Port Orchard mulling the idea of a city manager

The city of Port Orchard could outgrow Mayor Lary Coppola’s managerial abilities within the next five to 10 years.

The city of Port Orchard could outgrow Mayor Lary Coppola’s managerial abilities within the next five to 10 years.

Coppola, in fact, is counting on it.

“We are going to grow to the point that professional management is a much more stable situation for the city than electing whoever and hoping that they are a good administrator,” Coppola said.

“The way it is now,” he said, “we could elect Bozo the Clown and be stuck with him for four years.”

Coppola has 32 years of business experience, but he thinks the city will eventually need more than he — or any mayor — can provide.

“If we annex the entire Urban Growth Area, we’re going to be the largest city in the county, both population-wise and area-wise,” he said. “At that point, I think we need to be looking at professional management.”

And he’s willing to forfeit his own job to make it happen.

“I realize that this could mean that my job goes away,” Coppola said, “but I really believe that, going forward, we are going to need professional city management.”

If Port Orchard goes in that direction the city council would likely elect one of its own to represent the city as a ceremonial mayor, while most of the mayor’s administrative responsibilities will be turned over to a manager, hired by the city.

The city of Port Townsend went that route in 1999.

“There’s not a one-size-fits all solution for anybody,” said Mark Welch, who was on the Port Townsend City Council before and after it made the switch.

Port Orchard’s city government would become more professional but less responsive if it hires a city manager, Welch said.

“The political culture will change somewhat,” he said. “It tends to not be the same folksy atmosphere where you can get a stop sign put in or a pothole filled because you know someone on the city council.”

It was the right decision for Port Townsend, though, Welsh said.

“I was initially not in favor,” he said. “In retrospect, I’m glad we did.”

And Port Townsend still technically has a mayor.

The council chose one of its members, Michelle Sandoval, to perform many of the ceremonial duties a mayor would, although she has, individually, no administrative authority.

She, too, likes her city’s form of government.

It’s professional and democratic, she said.

“I think you need both,” she said. “People who are the communicators out in the community and also somebody that’s in the office running the city full-time.”

City managers typically have more “tools in their belt” to assist the city, said Sandoval, which is particularly useful in “tough economic times.”

But support for Port Townsend’s city manager hasn’t been unanimous.

“When people don’t like the answers that they get from the council,” Sandoval said, “they think the city council is being manipulated by the manager.
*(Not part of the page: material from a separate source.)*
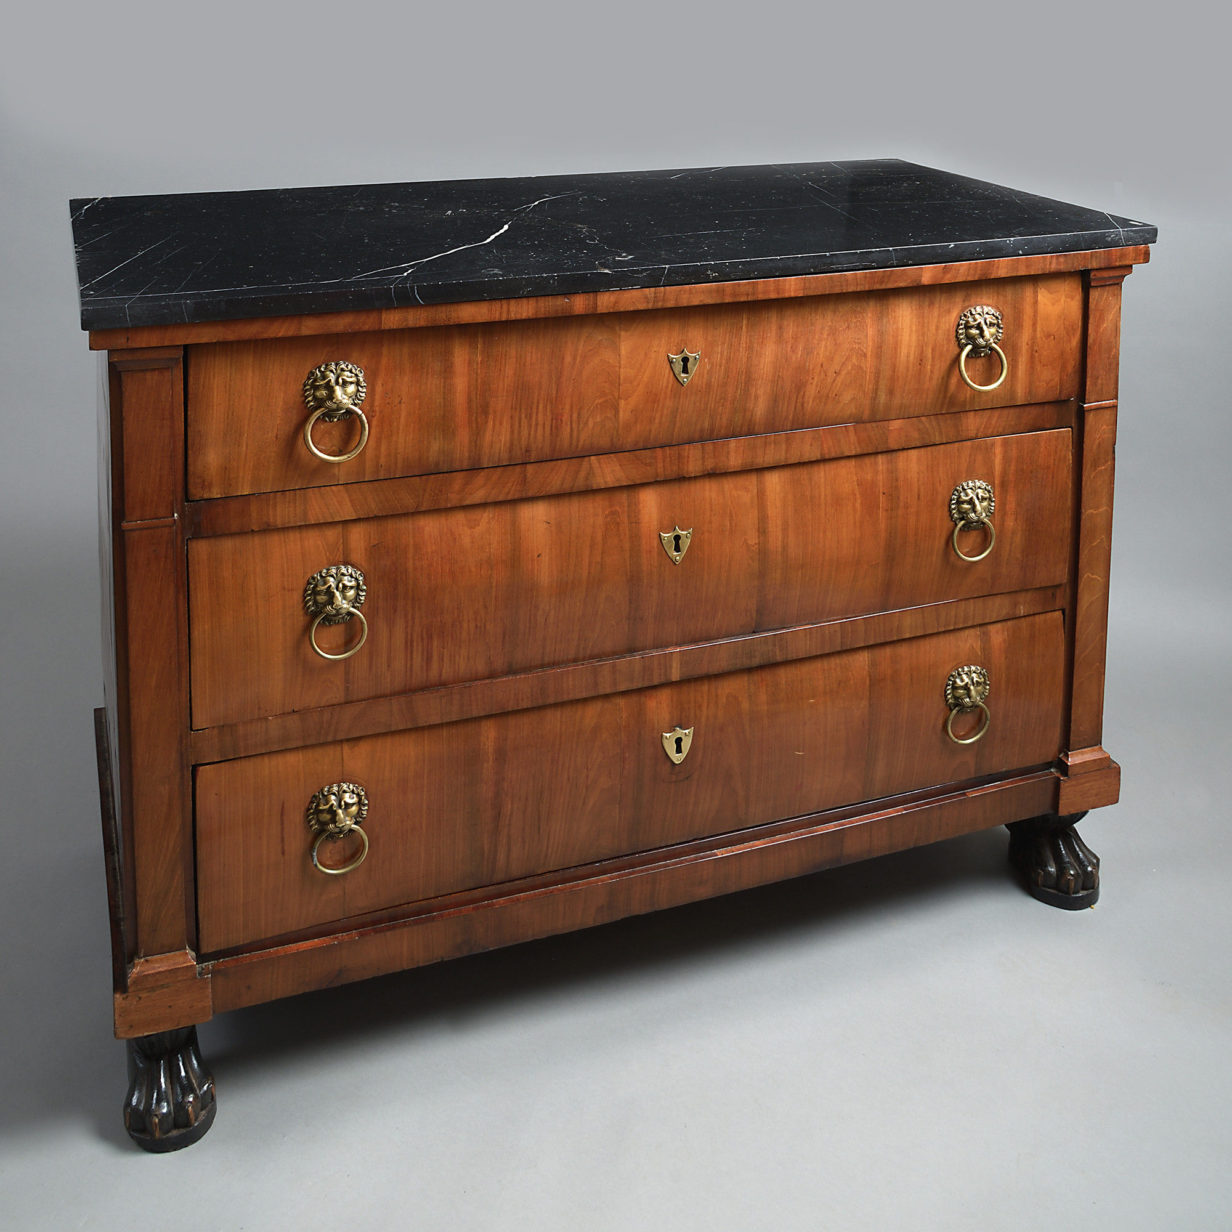 An early 19th century empire period walnut commode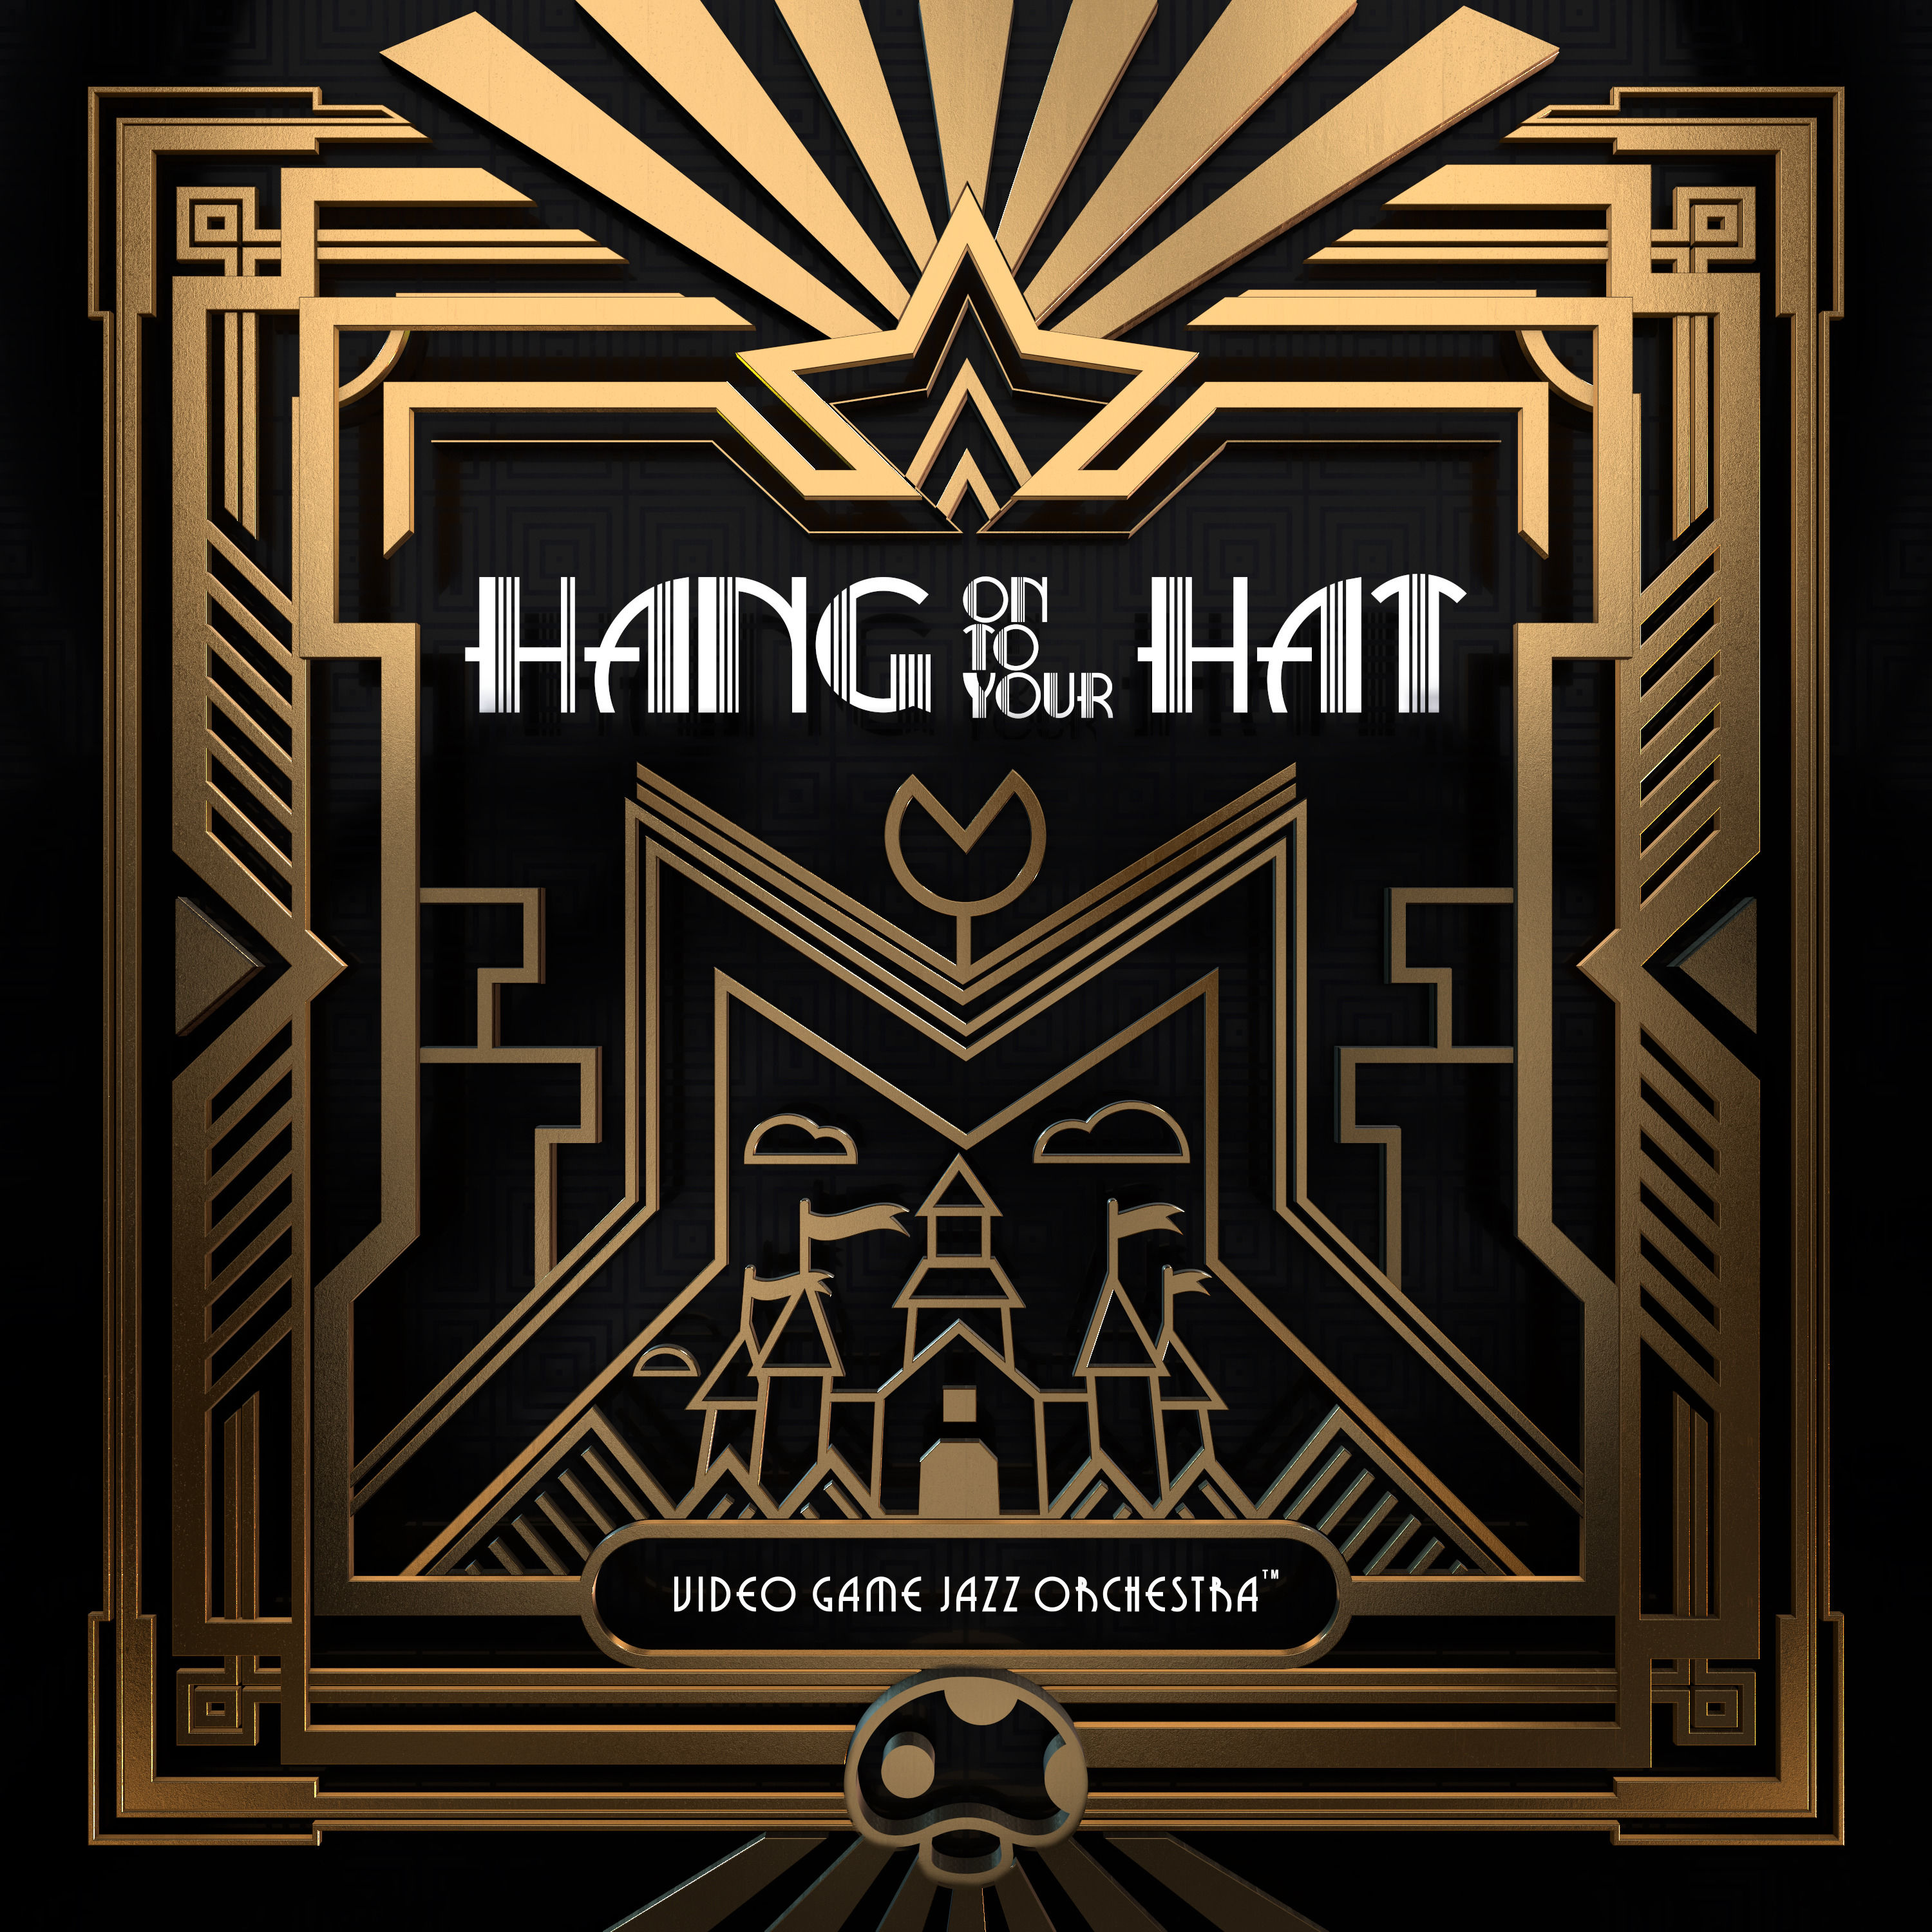 Video Game Jazz Orchestra – Hang on to Your Hat (2020) [FLAC 24bit/44,1kHz]

They feel frustrated because they can’t vote out the manager.”

But usually, she said, it’s not the manager’s fault, and those who complain are just “people who disagree with the majority of those on the council.”

Coppola said he strongly supports the idea for Port Orchard, both during a work-study session for the city council on Tuesday, and in an interview afterwards.

“I’d like to think that I’ve done a good job so far,” he said, “but every election cycle is a crap shoot. We don’t know who might run who might get elected, and we’ve already experienced having bad administrators.”